JulesKouatchou commented 4 years ago

ctm_setup:

New setting of environment variables (SETENV.commands) for the use of MPT

ctm_run.j:

The @SETENVS tag was placed before the MPI run command is issued.
Checked the exist status of the executable using the EGRESS file.

mmanyin commented 4 years ago

@mathomp4 There was a build error; "No configuration was found in your project. Please refer to https://circleci.com/docs/2.0/ to get started with your configuration." Is the CI stuff working properly for CTM ? thanks

mmanyin commented 4 years ago

@JulesKouatchou Do I understand correctly, you have changed the run-time environment variables to be appropriate for using MPT? How do we compile w/ MPT? I thought that the default was to compile with Intel-MPI.

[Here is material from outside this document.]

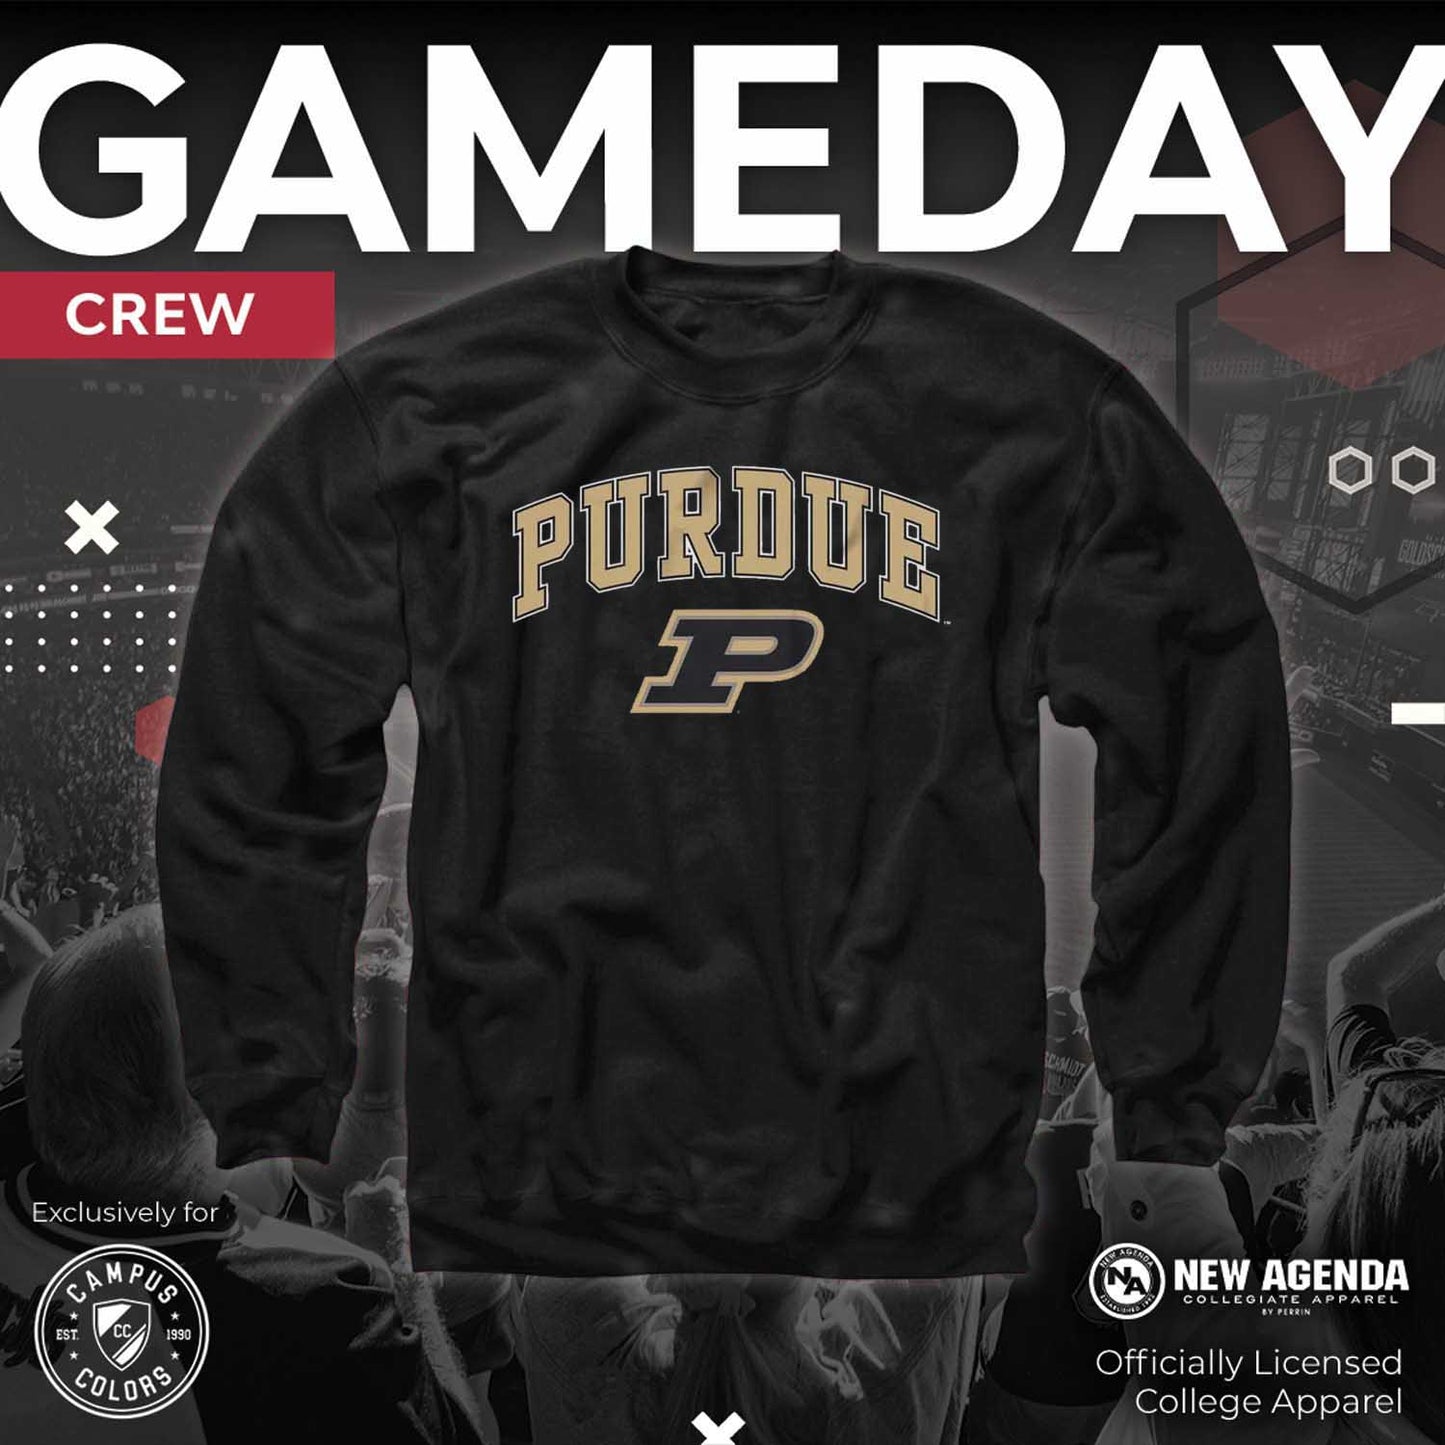 Purdue Boilermakers Campus Colors Adult Arch & Logo Soft Style Gameday Crewneck Sweatshirt  - Black

mathomp4 commented 4 years ago

@mathomp4 There was a build error; "No configuration was found in your project. Please refer to https://circleci.com/docs/2.0/ to get started with your configuration." Is the CI stuff working properly for CTM ? thanks

@mmanyin Until #23 is merged in, there is no way for CircleCI to find a configuration since it only exists on a branch, not master. I had set up CircleCI to follow GEOSctm thinking the config file would get it. Since it might be a while, would you like me to turn off CircleCI following GEOSctm?

mmanyin commented 4 years ago

@mathomp4 There was a build error; "No configuration was found in your project. Please refer to https://circleci.com/docs/2.0/ to get started with your configuration." Is the CI stuff working properly for CTM ? thanks

@mmanyin Until #23 is merged in, there is no way for CircleCI to find a configuration since it only exists on a branch, not master. I had set up CircleCI to follow GEOSctm thinking the config file would get it. Since it might be a while, would you like me to turn off CircleCI following GEOSctm?

Actually I will go ahead with #23 . Sorry for the confusion!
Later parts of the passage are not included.